To begin with, the need to attract internationally
mobile capital means that there are limits to the
possibilities of enhancing taxation, especially on
capital. Typically, prior or simultaneous trade liberalization
has already reduced the indirect tax revenues of states
undertaking financial liberalisation, and so tax-GDP
ratios often deteriorate in the wake of such liberalization.
This then imposes limits on government spending, since
finance capital is generally opposed to large fiscal
deficits. This not only affects the possibilities
for countercyclical macroeconomic stances of the state
but also reduces the developmental or growth-oriented
activities of the government.
These tendencies affect real investment in two ways.
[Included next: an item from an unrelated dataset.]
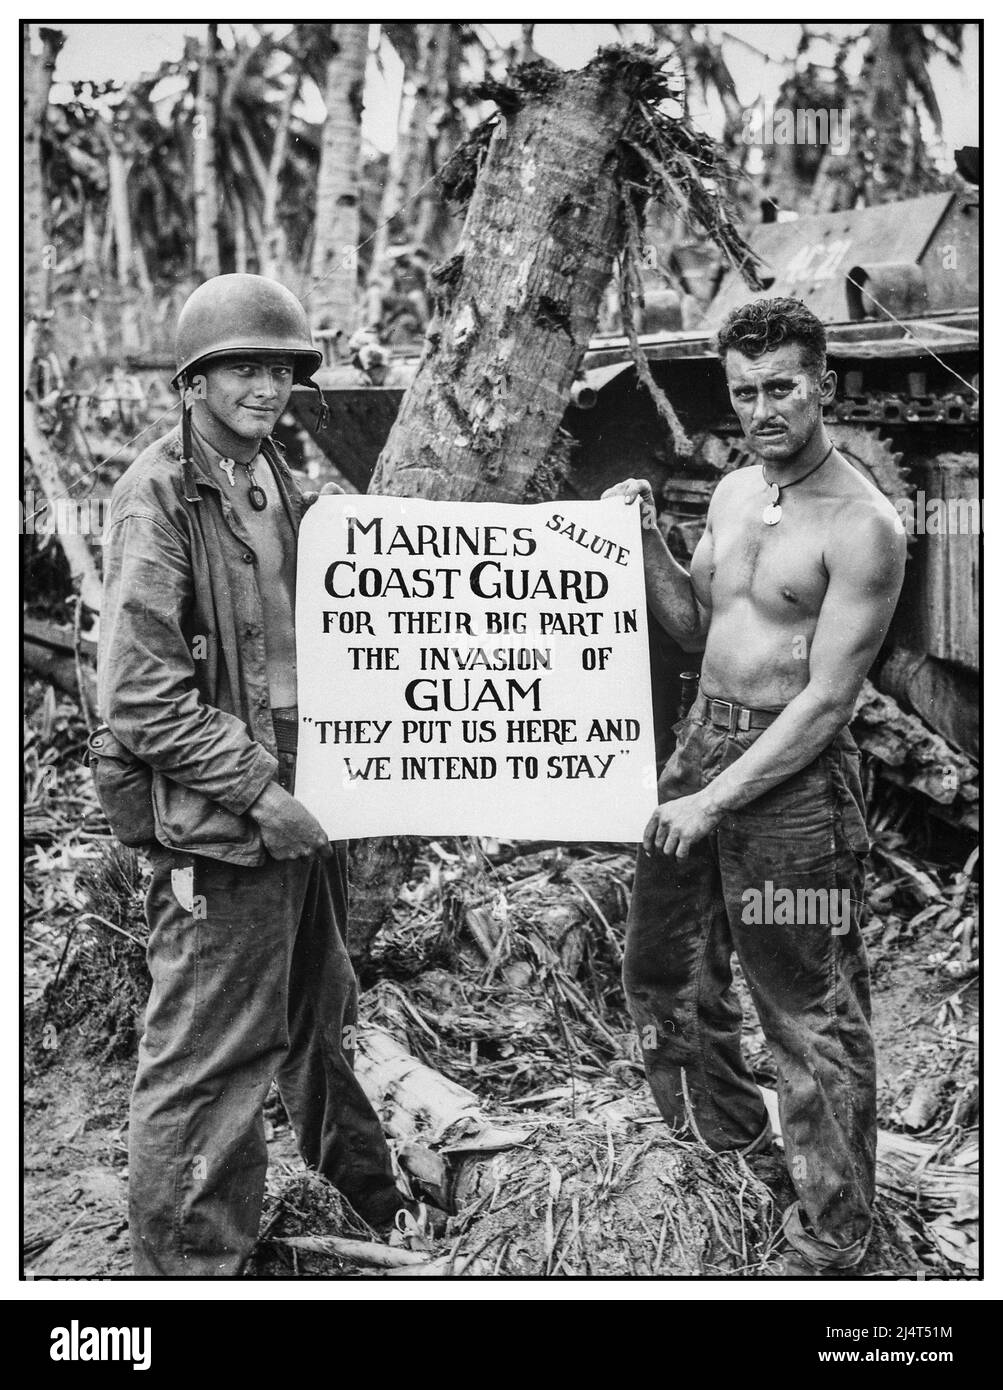 WW2 Guam 1944 die US-Marine grüßt die US-Küstenwache, nachdem die Wut der Schlacht nachgelassen und die Japaner auf Guam besiegt worden waren. „Sie (die Küstenwache) haben uns hierher gebracht und wir beabsichtigen zu bleiben“, so empfanden die Marineinfanteristen es mit diesem künstlerischen Schild, das von einigen GI-Soldaten mit Hundemarken gehalten wurde und für die Kamera und die Leute zu Hause produziert wurde. Stockfoto

First, if speculative bubbles lead to financial crises,
they squeeze liquidity and increase costs for current
transactions, result in distress sales of assets and
deflation that adversely impact on employment and
living standards. Second, inasmuch as the maximum
returns to productive investment in agriculture and
manufacturing are limited, there is a limit to what
borrowers would be willing to pay to finance such
investment. Thus, despite the fact that social returns
to agricultural and manufacturing investment are higher
than that for stocks and real estate, and despite
the contribution that such investment can make to
growth and poverty alleviation, credit at the required
rate may not be available.
Not surprisingly, therefore, most late industrializing
countries created strongly regulated and even predominantly
state-controlled financial markets aimed at mobilizing
savings and using the intermediary function to influence
the size and structure of investment. This they did
through directed credit policies and differential
interest rates, and the provision of investment support
to the nascent industrial class in the form of equity,
credit, and low interest rates. They created development
banks with the mandate to provide long-term credit
at terms that render such investment sustainable.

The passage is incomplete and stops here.